Using the data below, print exactly the line with "Subaru Commercial Portable", the line with "Rockin' Around The", and every line between them, but none of the pictures.

● **Extracted information**
:::

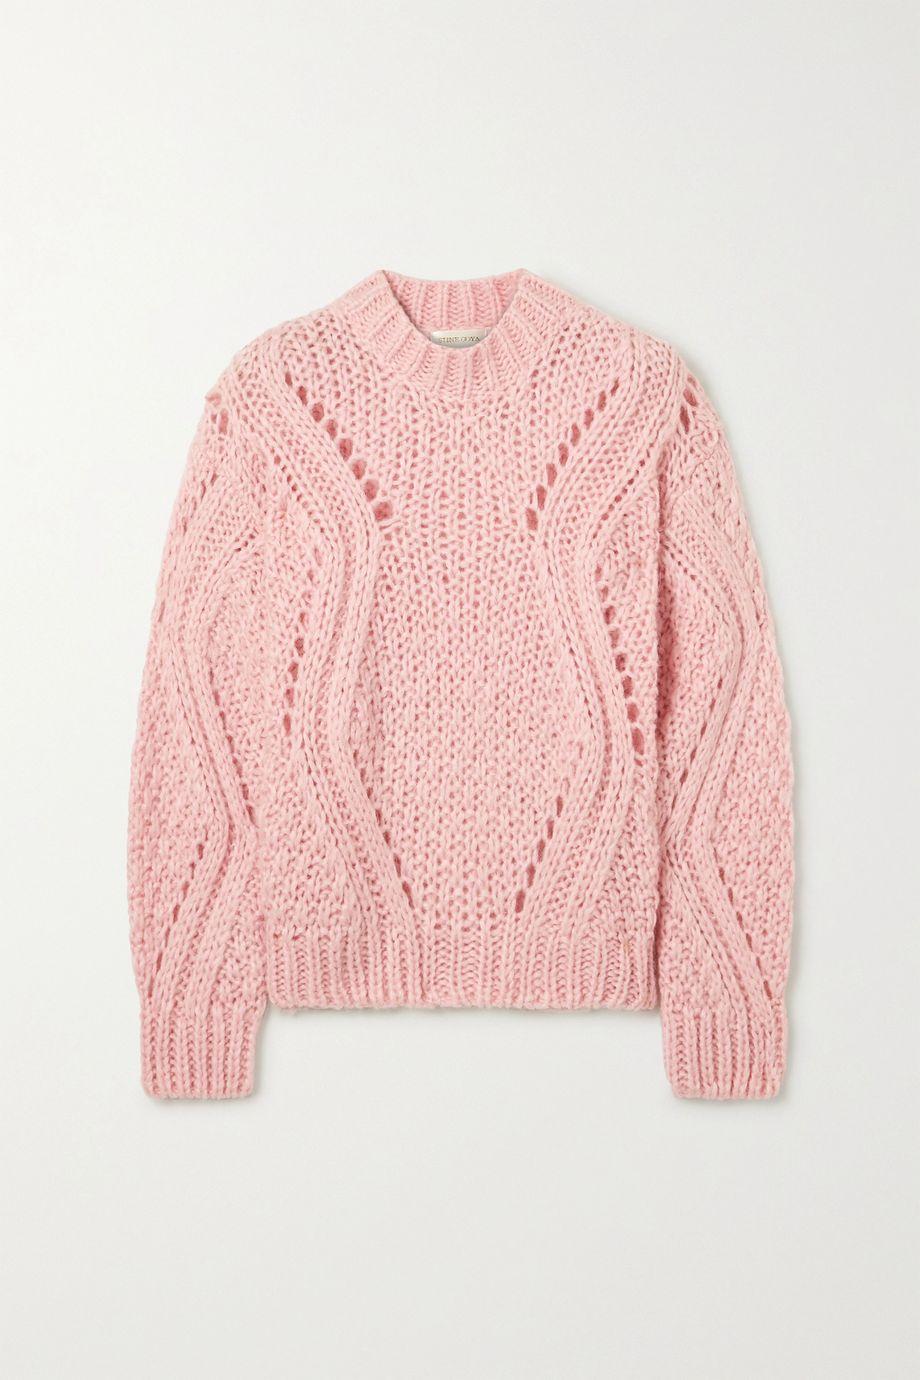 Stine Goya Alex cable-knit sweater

:::

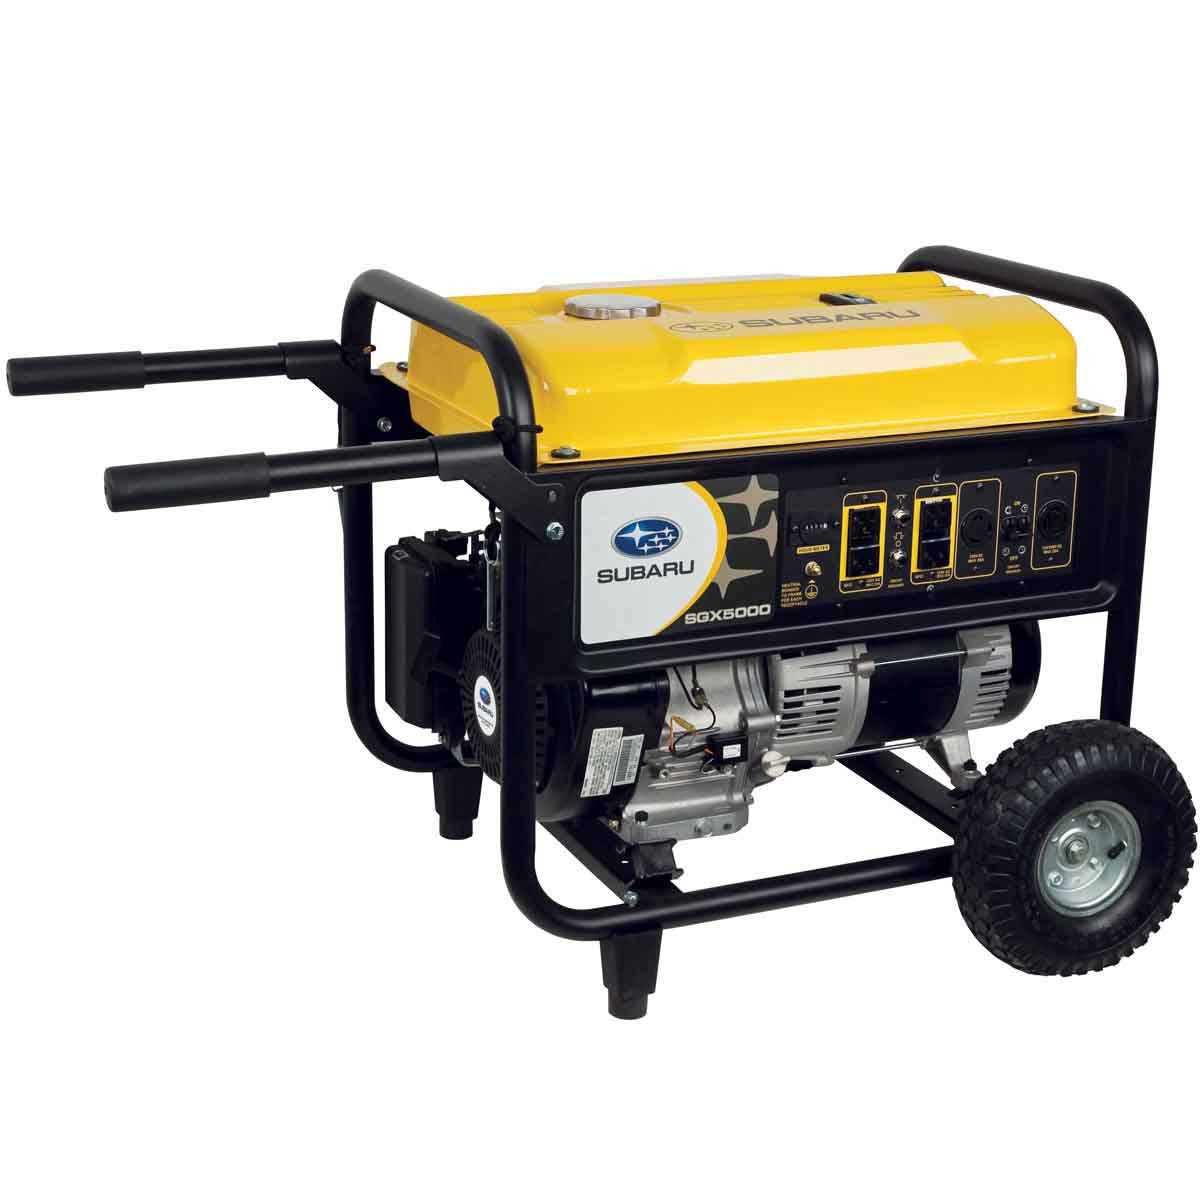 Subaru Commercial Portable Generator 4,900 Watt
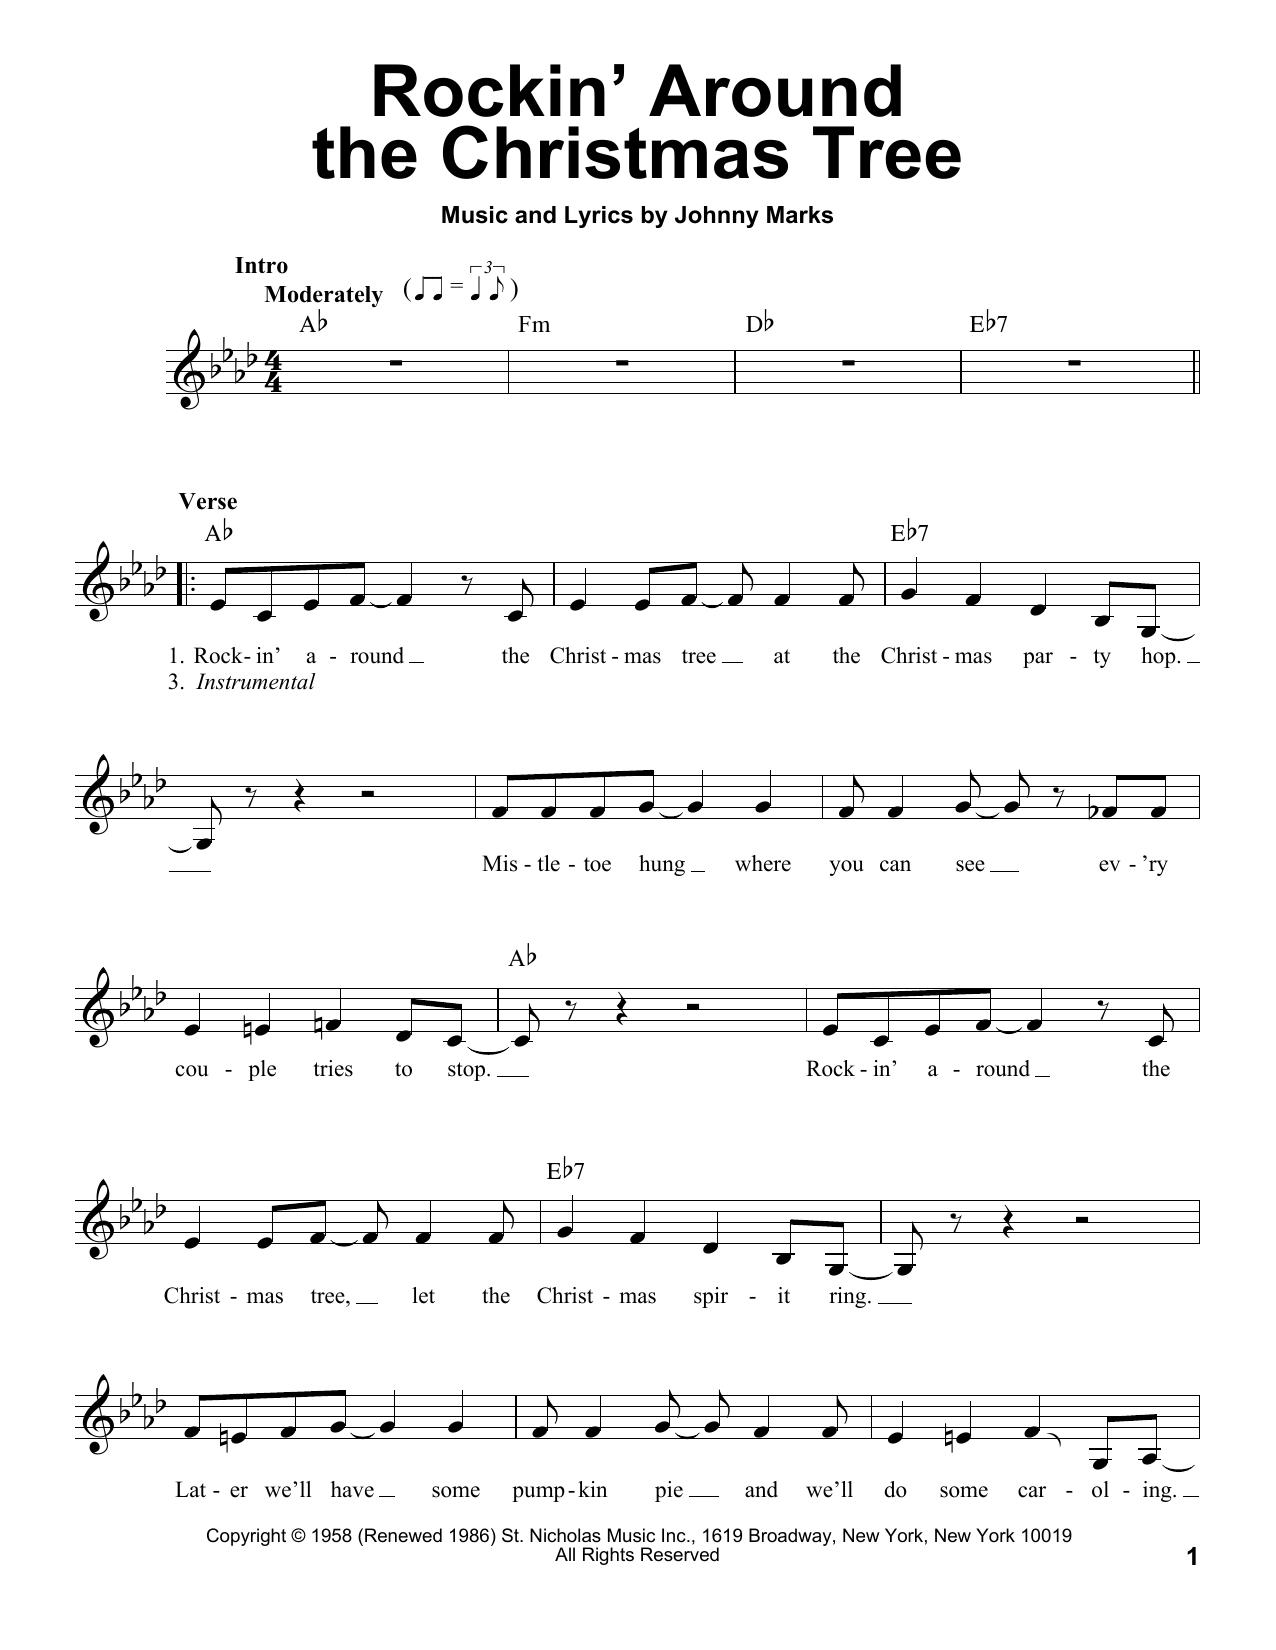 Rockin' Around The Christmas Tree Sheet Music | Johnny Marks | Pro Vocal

:::

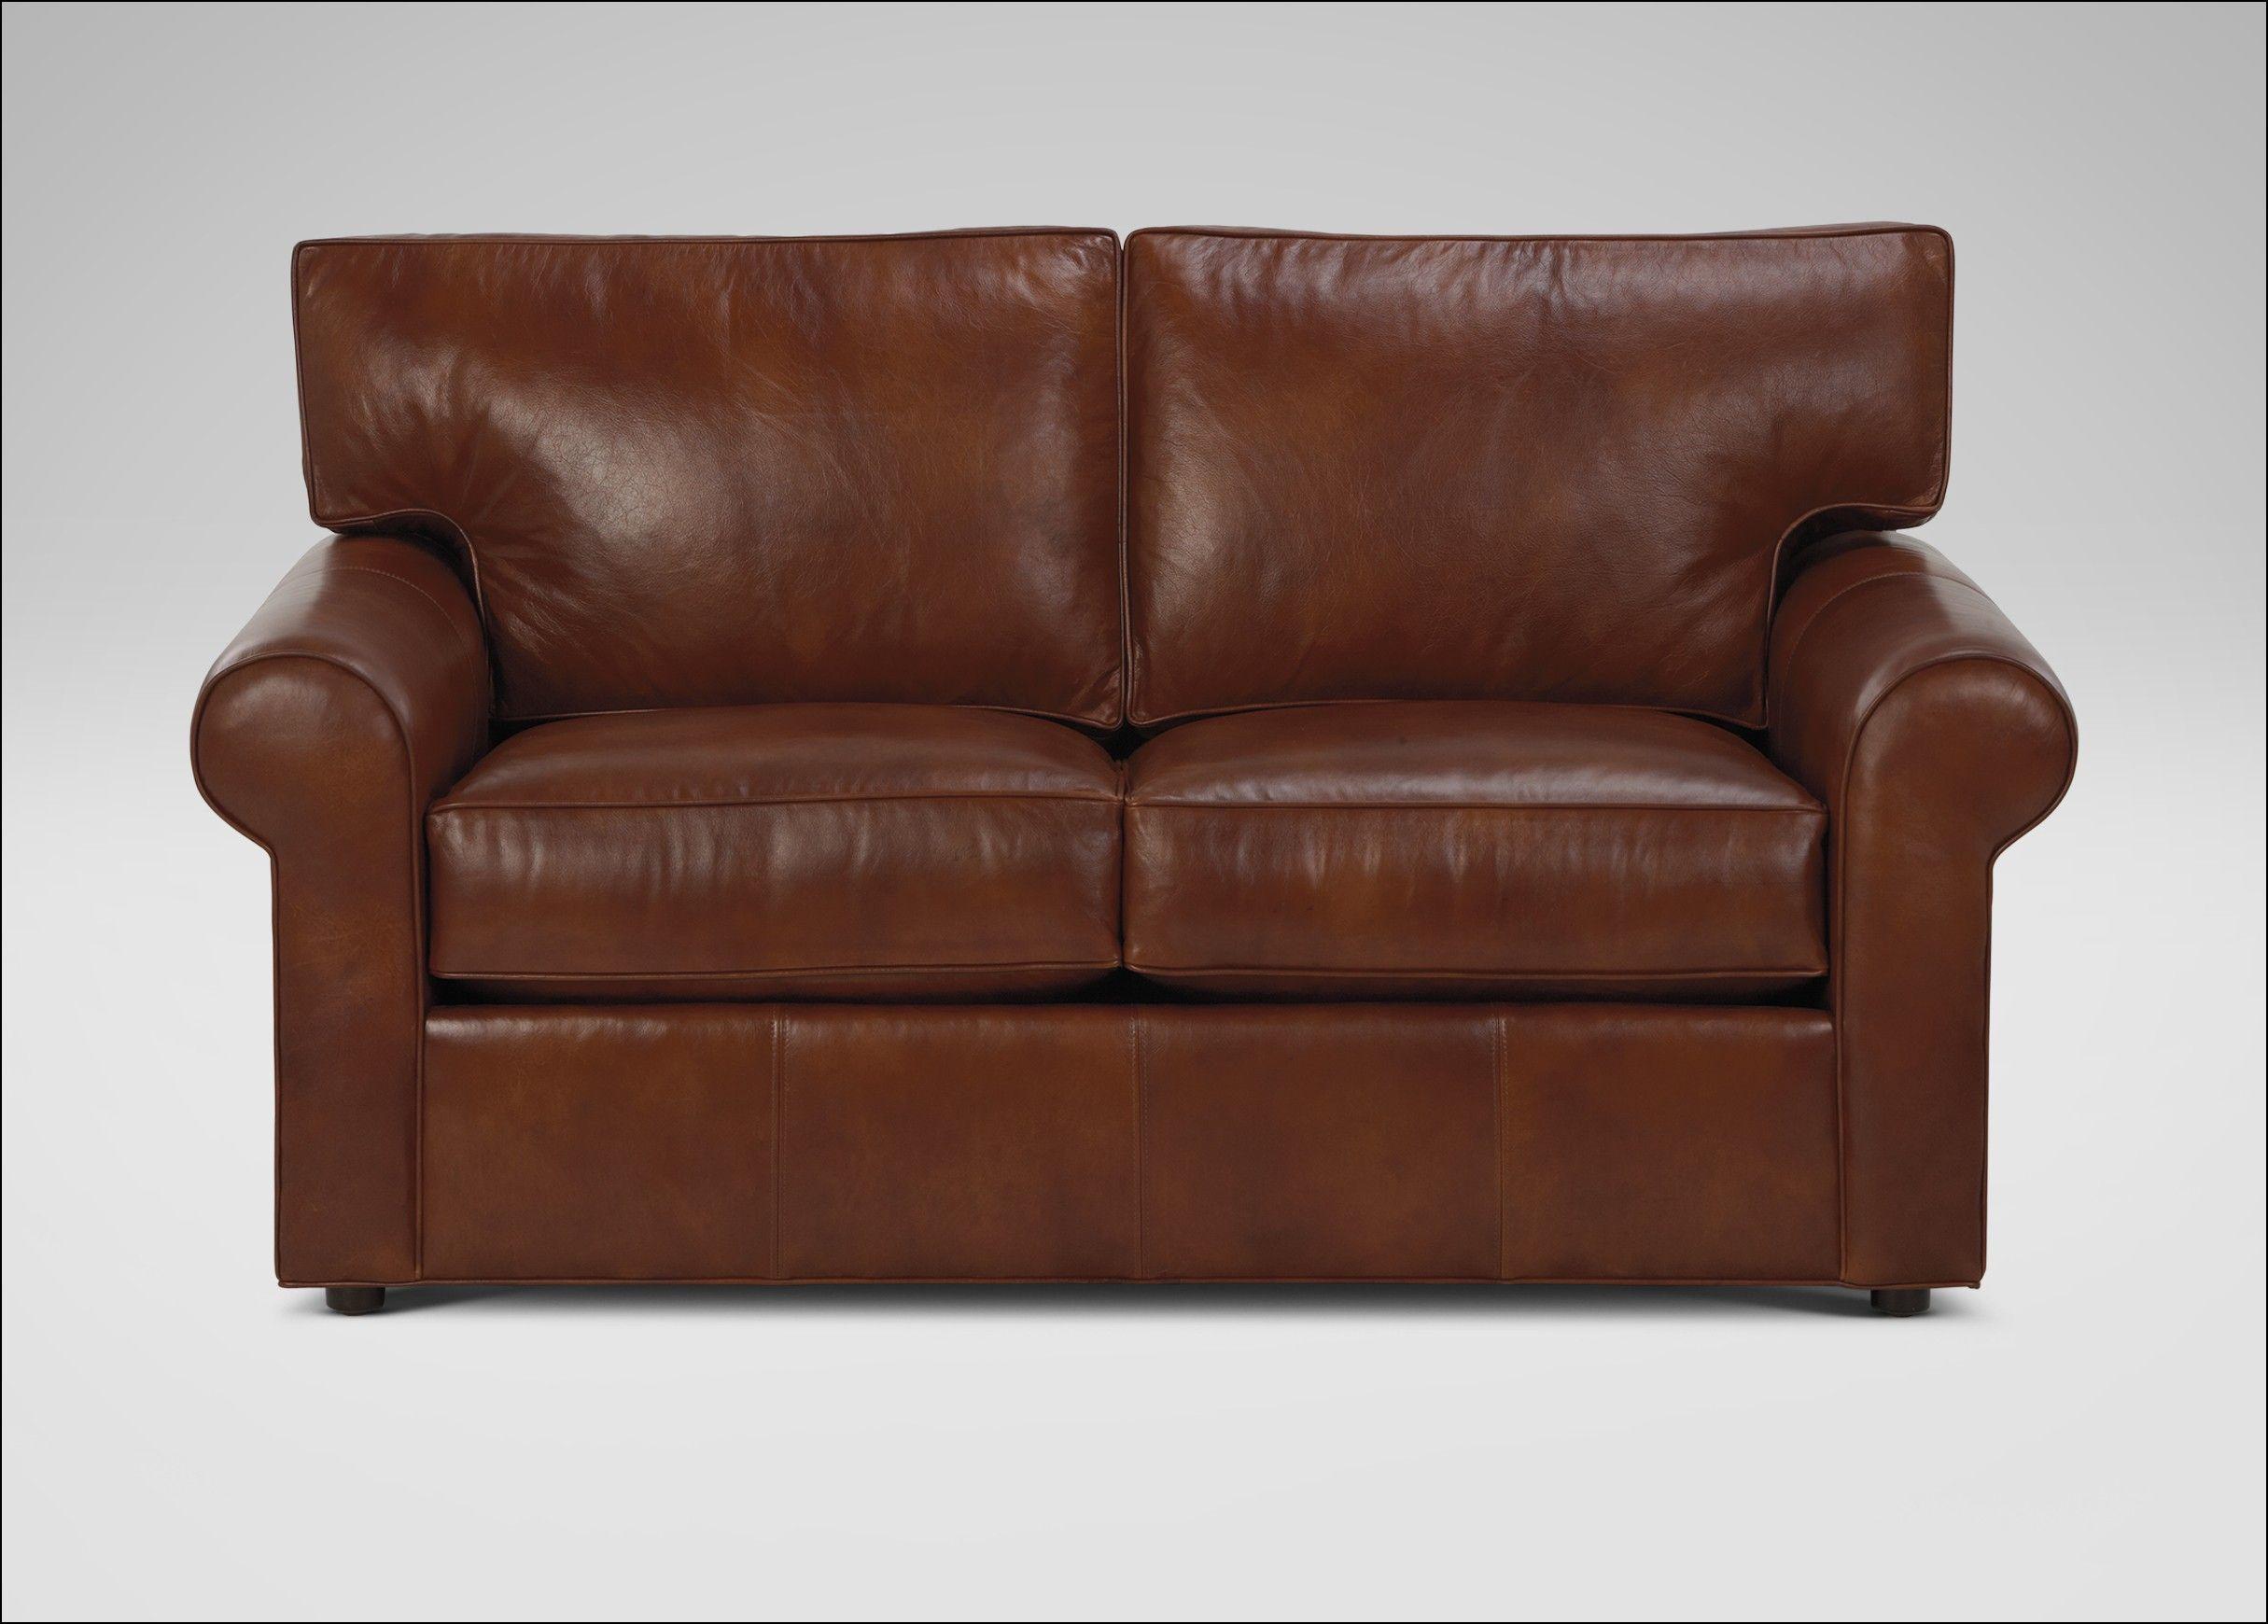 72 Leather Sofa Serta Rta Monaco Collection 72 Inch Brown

:::

● **Exercise result**
 Subaru Commercial Portable Generator 4,900 Watt
 Rockin' Around The Christmas Tree Sheet Music | Johnny Marks | Pro Vocal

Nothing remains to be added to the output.